Here are some of the main functions, pulled from the help documentation for fakir
:
fake_base_clients
fake_products
fake_sondage_answers
fake_sondage_people
fake_ticket_client
fake_user_feedback
fake_visits
fra_sf
# devtools::install_github("ThinkR-open/fakir")
library(fakir)
Fake clients:
fake_base_clients(n = 5)
## # A tibble: 5 × 14
## num_client first last job age region id_dpt departement cb_provider name
## * <chr> <chr> <chr> <chr> <dbl> <chr> <chr> <chr> <chr> <chr>
## 1 1 Carl… Cass… Stag… 53 Midi-… 65 Hautes-Pyr… VISA 13 di… Carl…

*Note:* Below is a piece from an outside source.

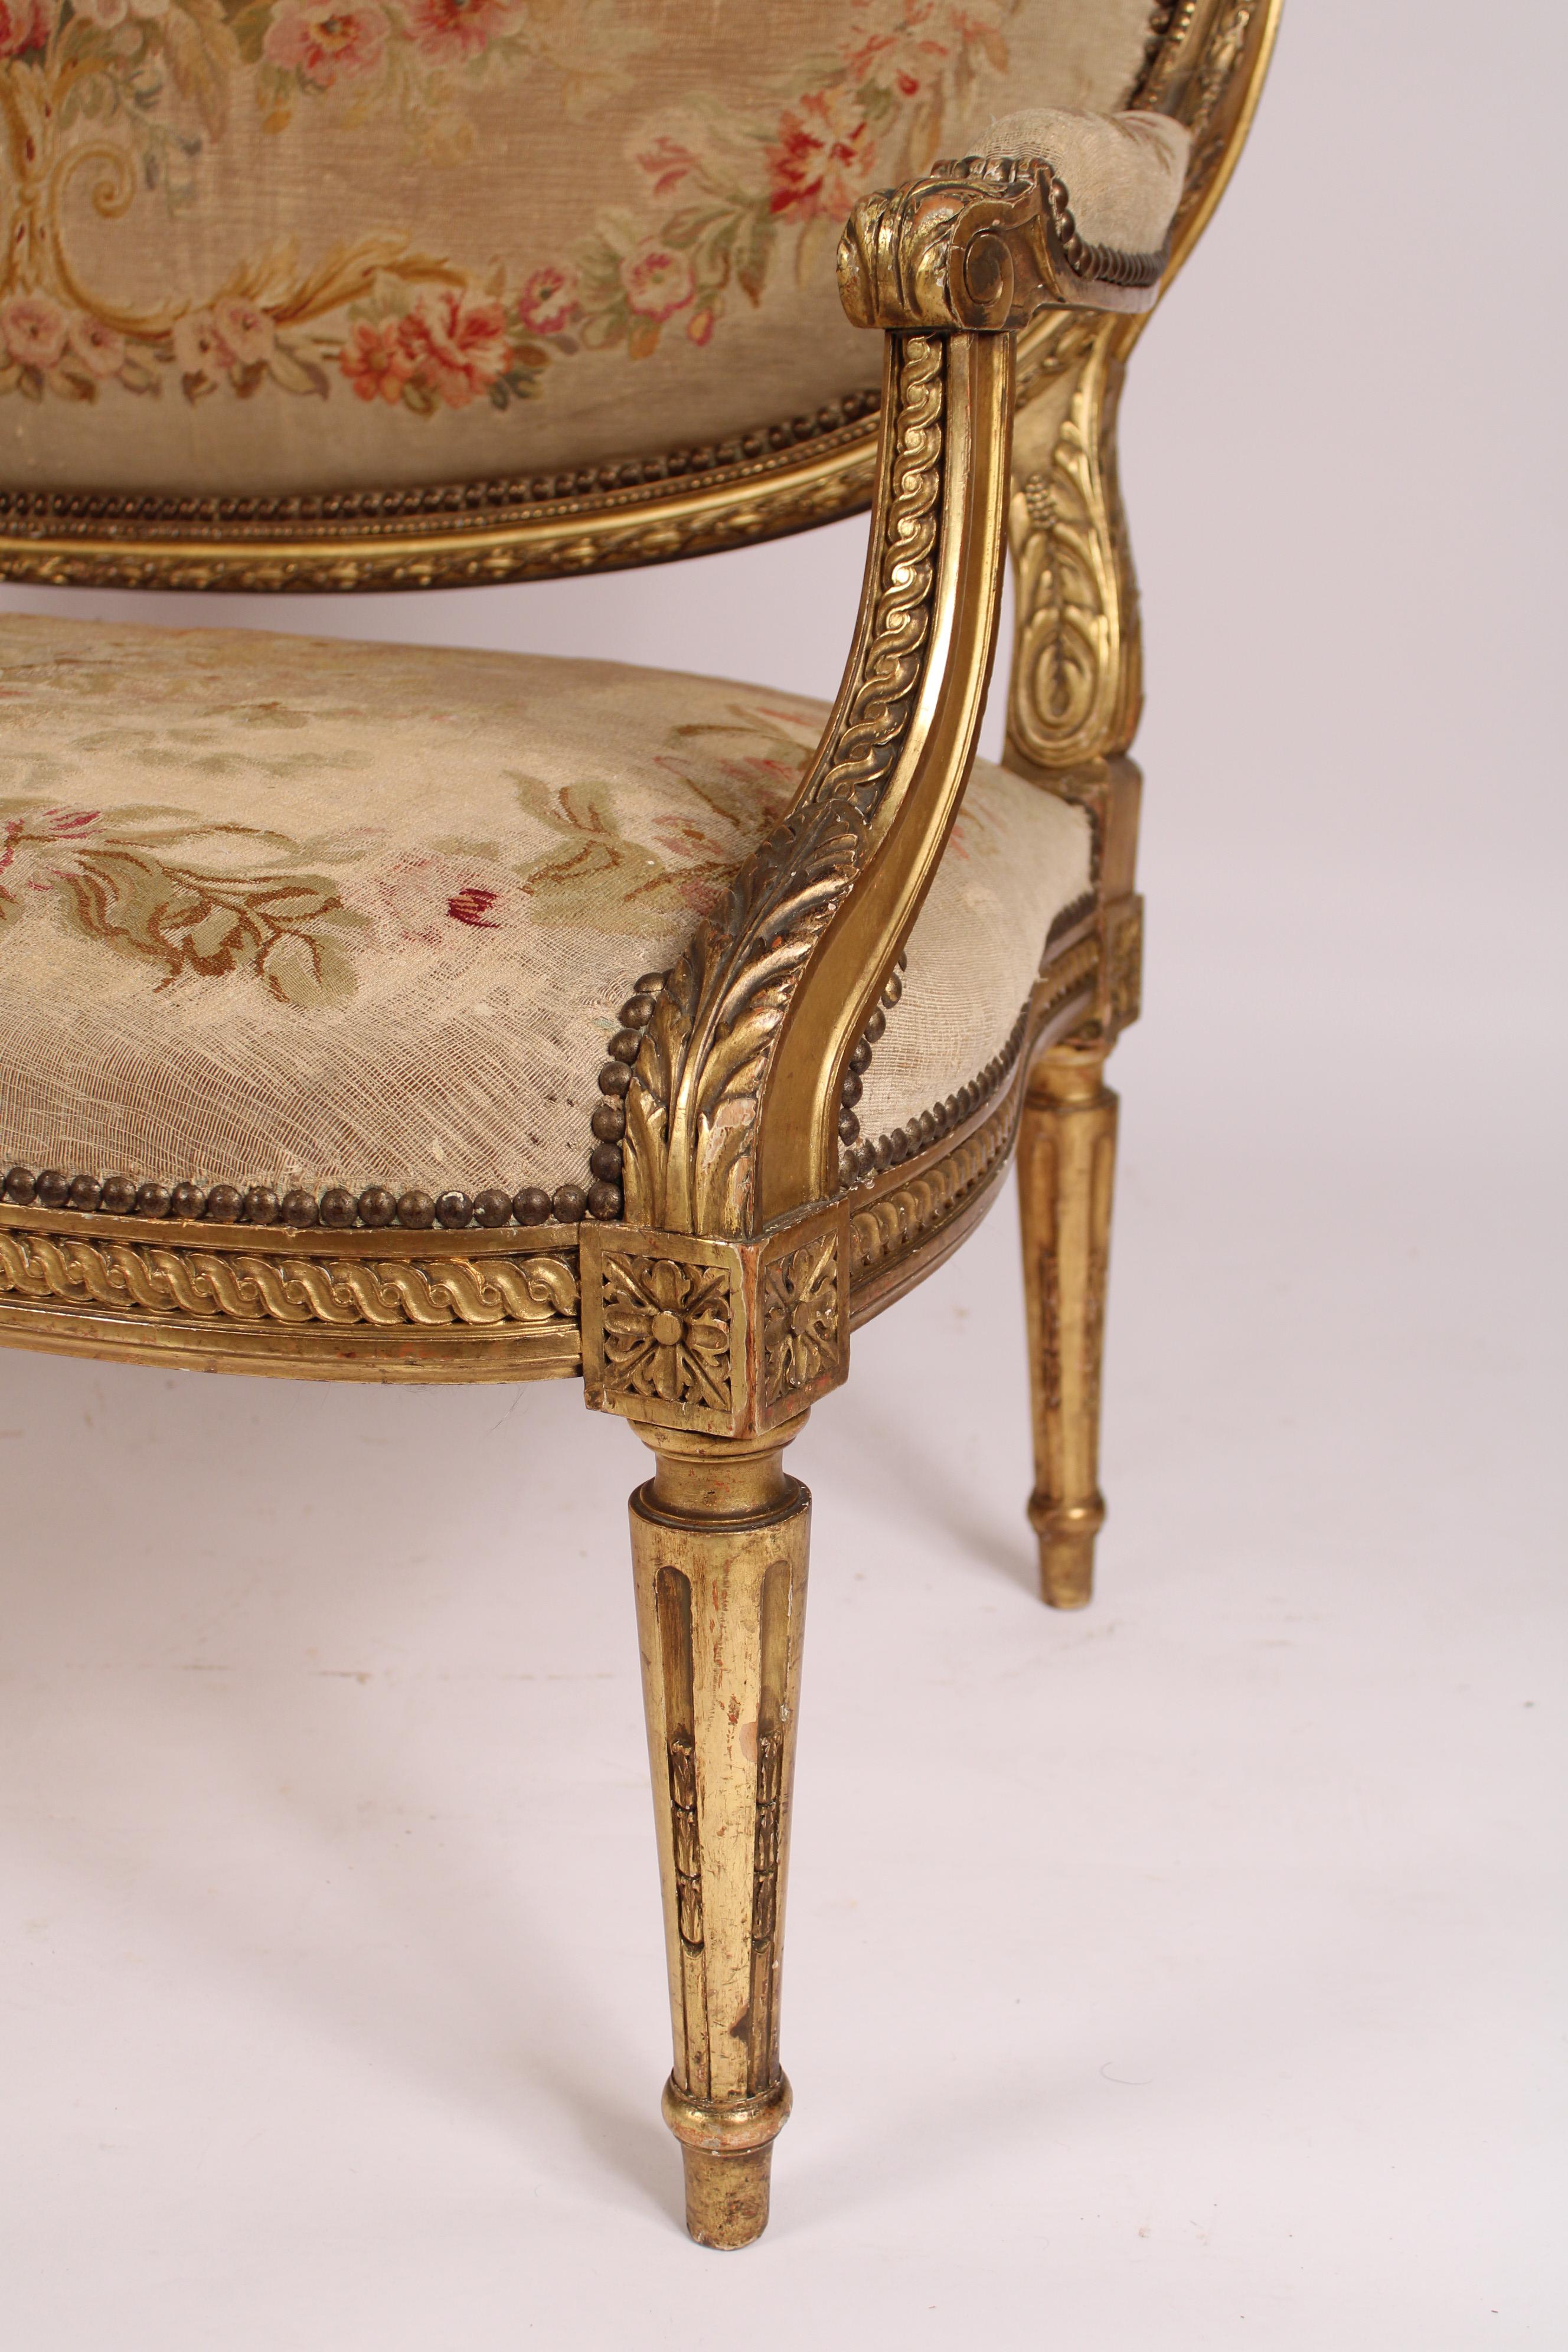 Early 20th Century Antique Louis XVI Style Gilt Wood Settee For Sale

## 2 2 Leer… Beat… Clot… 85 Midi-… 65 Hautes-Pyr… VISA 16 di… Leer…
## 3 3 Dr. Tala… Acco… 27 Rhône… 07 Ardèche Diners Clu… Dr. …

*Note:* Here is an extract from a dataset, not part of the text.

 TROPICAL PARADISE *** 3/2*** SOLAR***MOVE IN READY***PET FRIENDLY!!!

## 4 4 Sier… Hett… Scie… 33 Basse… 61 Orne JCB 16 dig… Sier…
## 5 5 Ammon Dick… Spec… 40 Lorra… 88 Vosges Mastercard Ammo…

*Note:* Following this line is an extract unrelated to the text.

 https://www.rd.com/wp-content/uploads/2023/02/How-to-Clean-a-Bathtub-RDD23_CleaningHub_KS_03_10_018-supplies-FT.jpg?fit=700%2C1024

## # ℹ 4 more variables: entry_date <dttm>, fidelity_points <dbl>,
## # priority_encoded <dbl>, priority <fct>
Fake products:
fake_products(n = 5)
## # A tibble: 5 × 8
## name brand color price body_location category sent_from id
## <chr> <chr> <chr> <int> <chr> <chr> <chr> <int>
## 1 Step and Distance Pe… Beer… Sadd… 2 Waist Enterta… Taiwan 1
## 2 Biking Tracker U Pro… Gerl… Hone… 2 Torso Medical Japan 2
## 3 Wearable Transmitter… Beer… Medi… 2 Chest Gaming China 3
## 4 Multifunction Tracke… Scha… DimG… 5 Brain Gaming France 4
## 5 Action Camera Pro Huds… Salm… 4 Chest Pets an… Netherla… 5
Fake survey responses:
fake_sondage_answers(n = 5)
## # A tibble: 15 × 12
## id_individu age sexe region id_departement nom_departement
## <chr> <int> <chr> <chr> <chr> <chr>
## 1 ID-RJXN-02 53 F Bourgogne 71 Saône-et-Loire
## 2 ID-RJXN-02 53 F Bourgogne 71 Saône-et-Loire
## 3 ID-RJXN-02 53 F Bourgogne 71 Saône-et-Loire
## 4 ID-VMKS-04 90 F Provence-Alpes-Côte d… 13 <NA>
## 5 ID-VMKS-04 90 F Provence-Alpes-Côte d… 13 <NA>
## 6 ID-VMKS-04 90 F Provence-Alpes-Côte d… 13 <NA>
## 7 ID-XEMZ-03 84 O Auvergne 43 Haute-Loire
## 8 ID-XEMZ-03 84 O Auvergne 43 Haute-Loire
## 9 ID-XEMZ-03 84 O Auvergne 43 Haute-Loire
## 10 ID-EUDQ-05 65 M Picardie 80 Somme
## 11 ID-EUDQ-05 65 M Picardie 80 Somme
## 12 ID-EUDQ-05 65 M Picardie 80 Somme
## 13 ID-NMQG-01 60 O Picardie 60 Oise
## 14 ID-NMQG-01 60 O Picardie 60 Oise
## 15 ID-NMQG-01 60 O Picardie 60 Oise
## # ℹ 6 more variables: question_date <dttm>, year <dbl>, type <chr>,
## # distance_km <dbl>, transport <fct>, temps_trajet_en_heures <dbl>
fake_sondage_people(n = 5)
## # A tibble: 5 × 8
## id_individu age sexe region id_departement nom_departement
## <chr> <int> <chr> <chr> <chr> <chr>
## 1 ID-RJXN-02 53 F Nord-Pas-de-Calais 62 Pas-de-Calais
## 2 ID-VMKS-04 90 F Aquitaine 47 Lot-et-Garonne
## 3 ID-XEMZ-03 84 O Provence-Alpes-Côte d'… 05 <NA>
## 4 ID-EUDQ-05 65 M Centre 37 Indre-et-Loire
## 5 ID-NMQG-01 60 O Haute-Normandie 76 Seine-Maritime
## # ℹ 2 more variables: question_date <dttm>, year <dbl>
Parting thoughts #
None of these data generation packages is perfect or complete. Depending on the use case, it might be necessary to use a combination of packages together to arrive at whatever end state you’re aiming for.